> WHAT IS EXPECTED:
Please return exactly the lines from the top of the data through the line that contains "Add Jacket In", and skip all pictures.

> GIVEN INFORMATION:
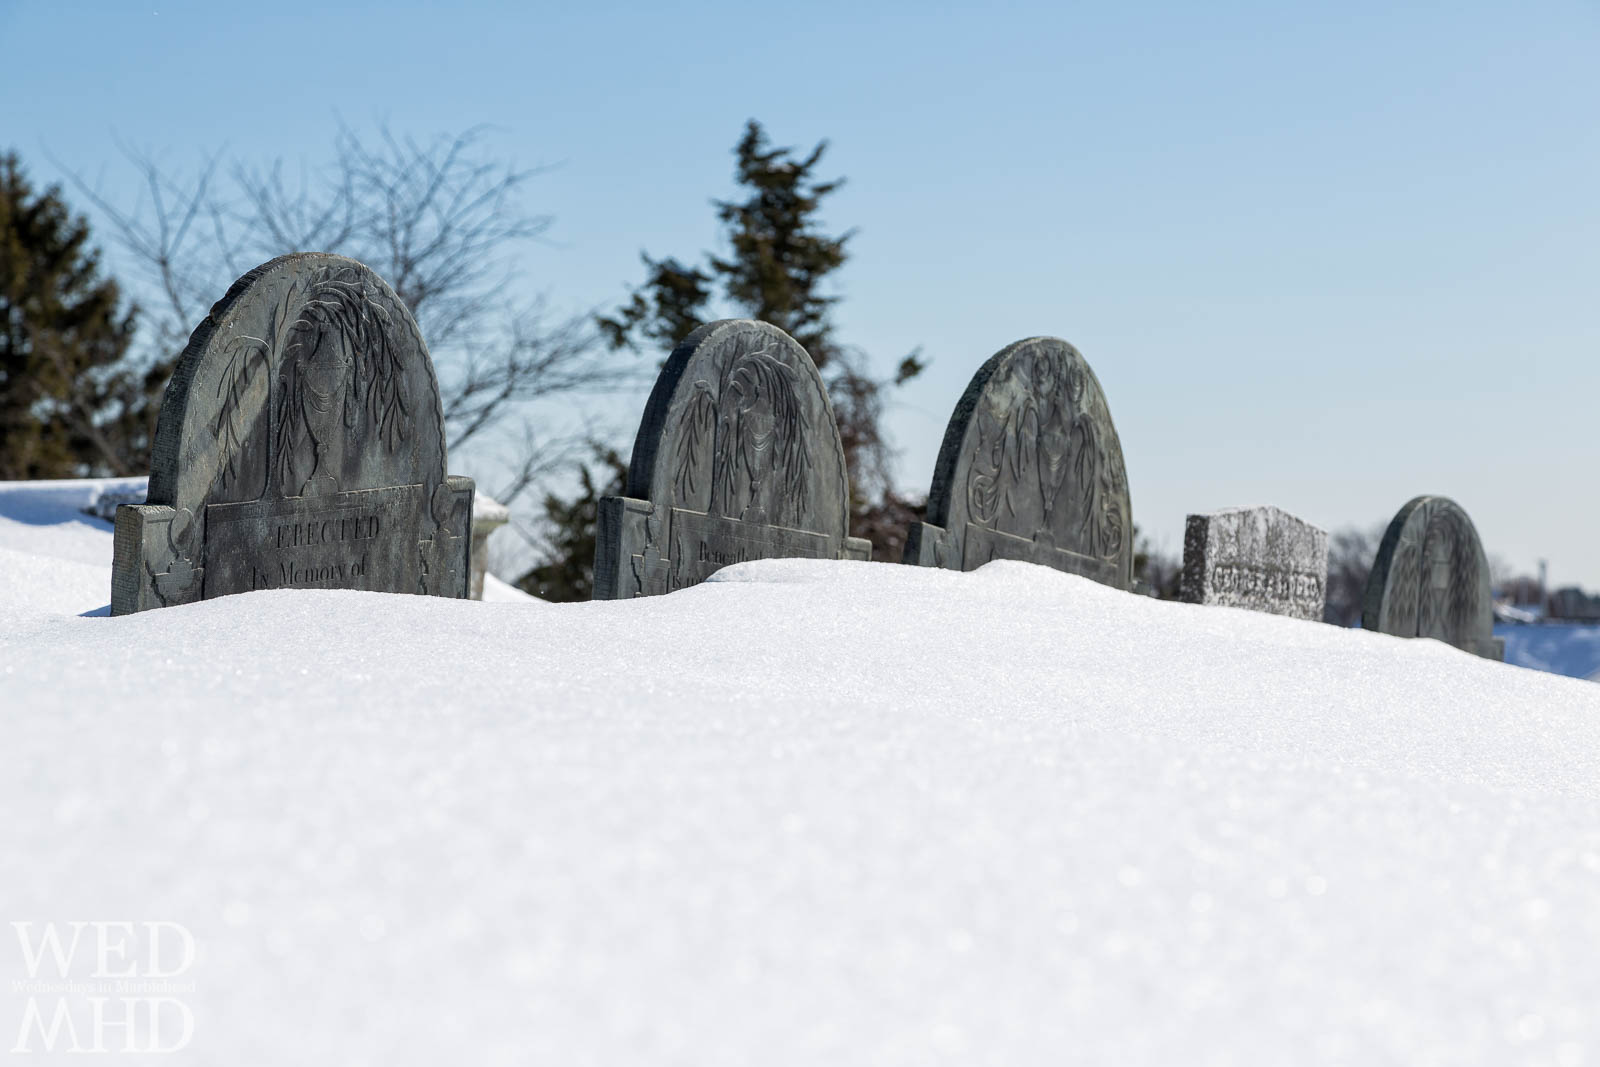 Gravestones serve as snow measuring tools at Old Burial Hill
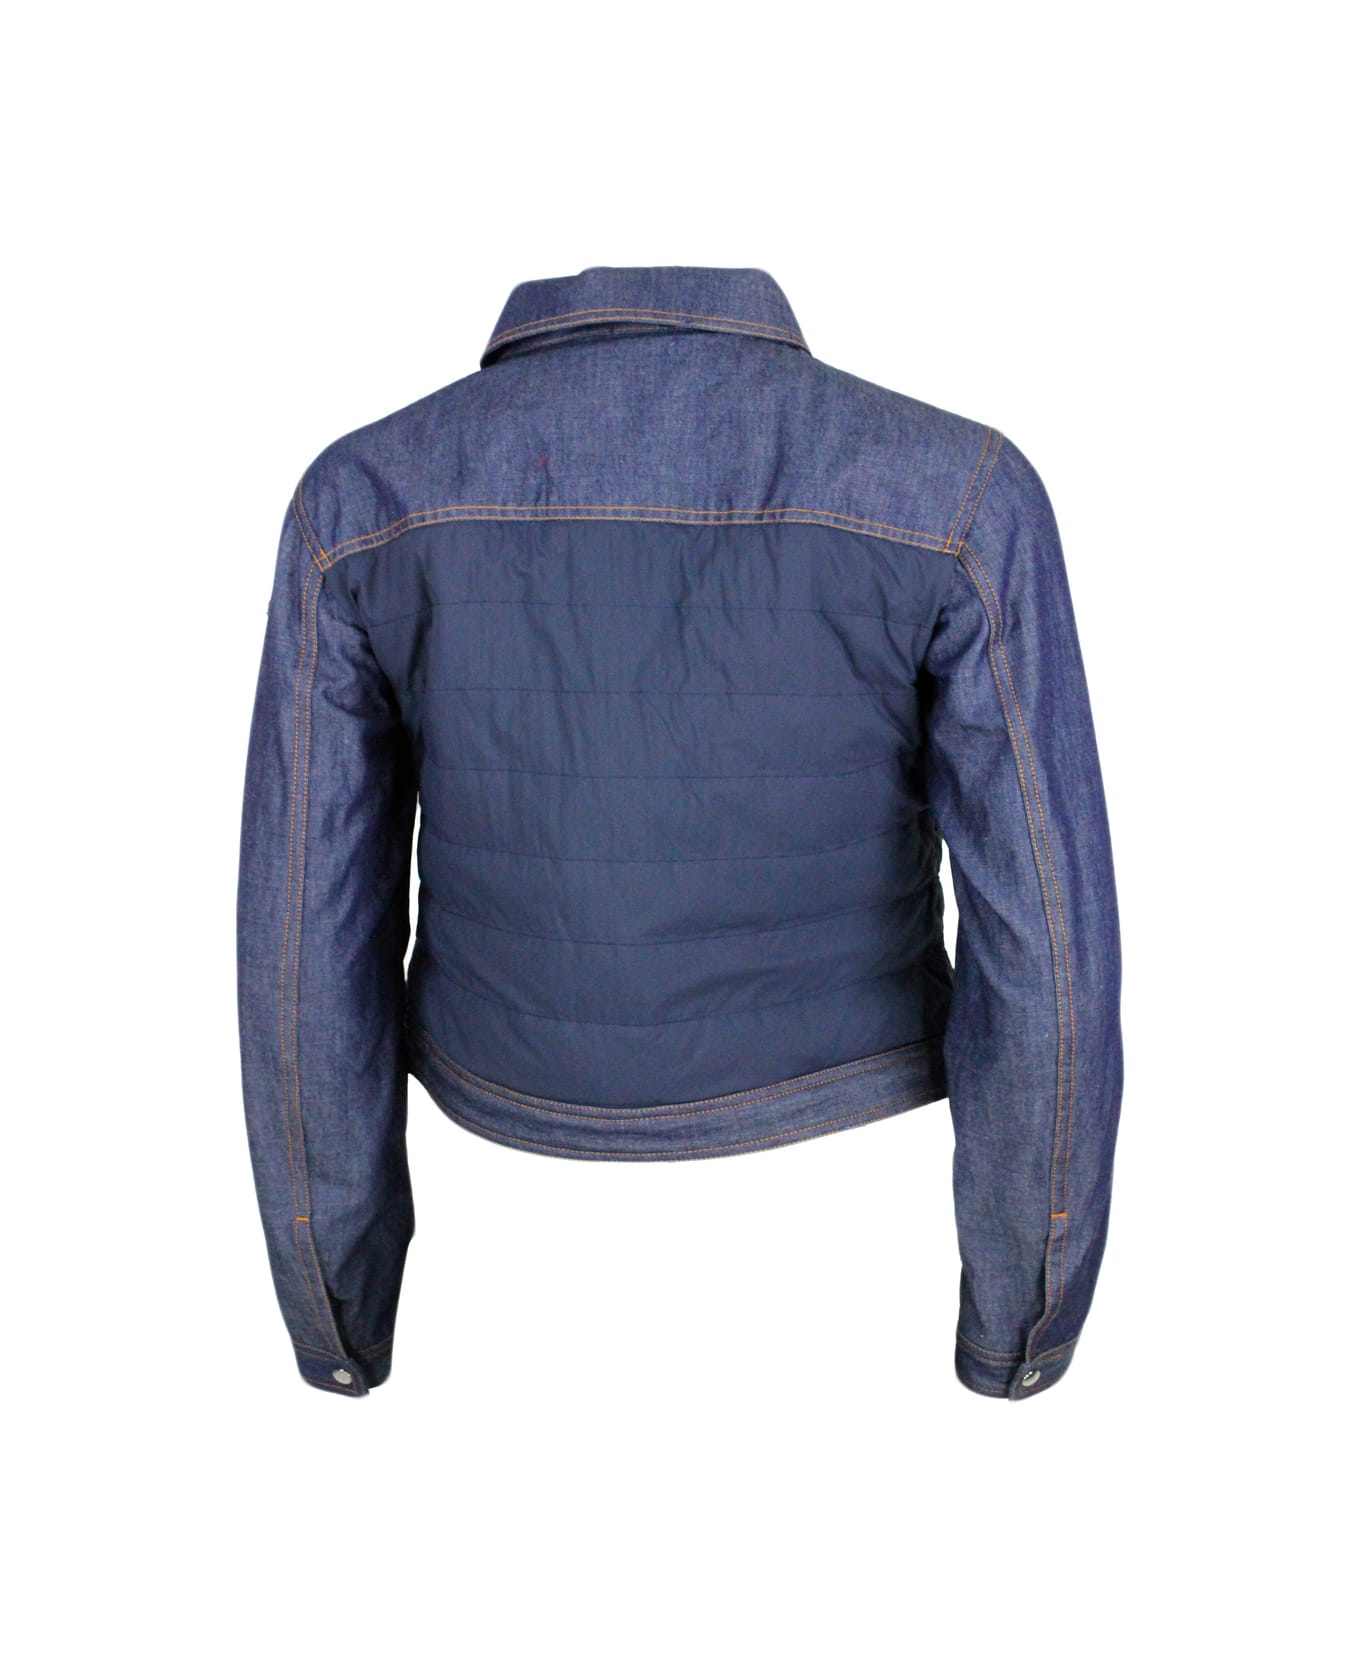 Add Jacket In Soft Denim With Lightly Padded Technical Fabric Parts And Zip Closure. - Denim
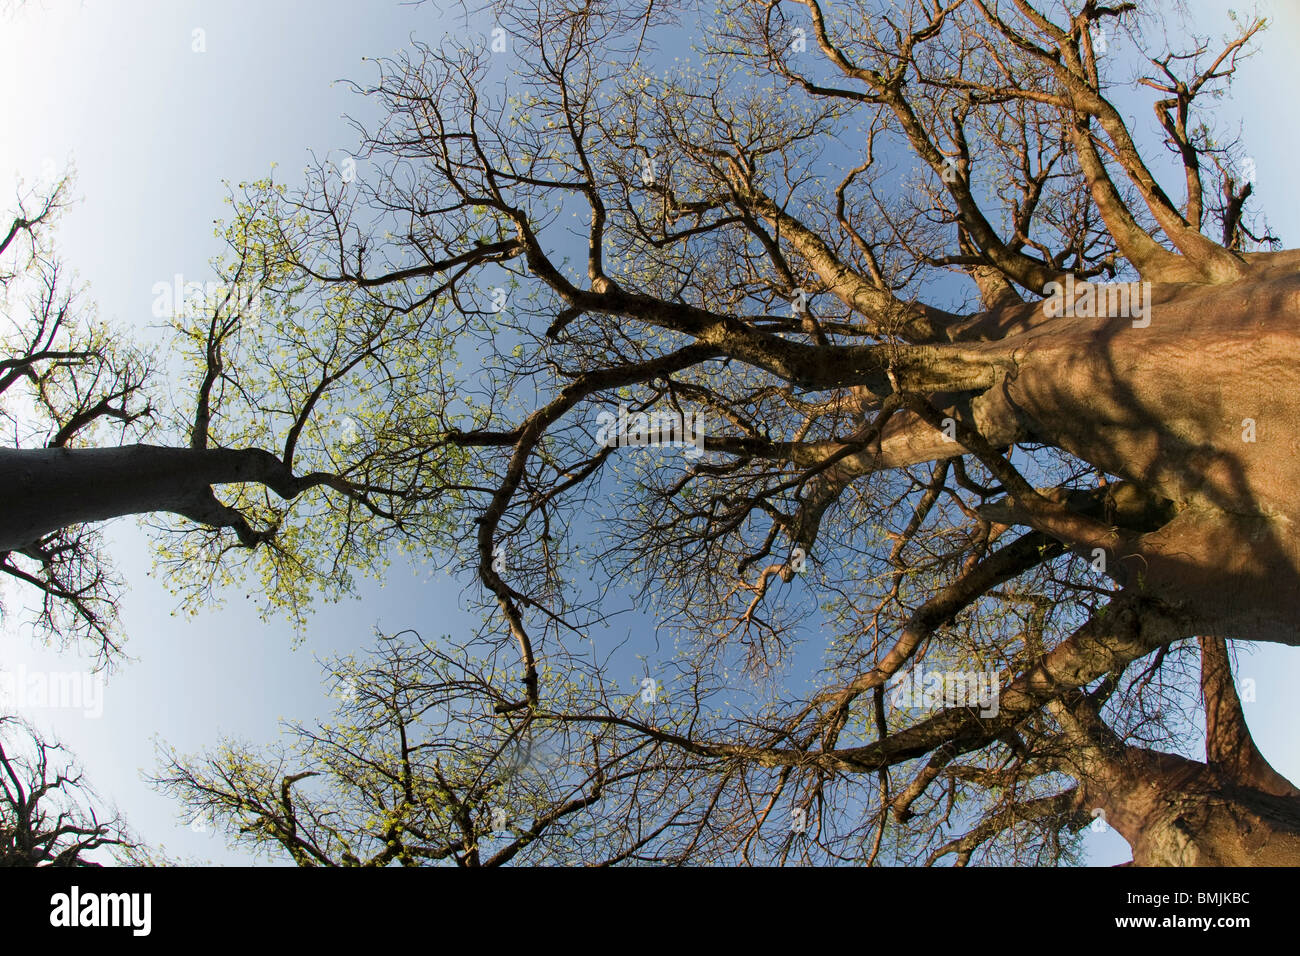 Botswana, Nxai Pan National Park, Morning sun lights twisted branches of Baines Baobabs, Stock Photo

> EXERCISE OUTPUT:
 Gravestones serve as snow measuring tools at Old Burial Hill
 Add Jacket In Soft Denim With Lightly Padded Technical Fabric Parts And Zip Closure. - Denim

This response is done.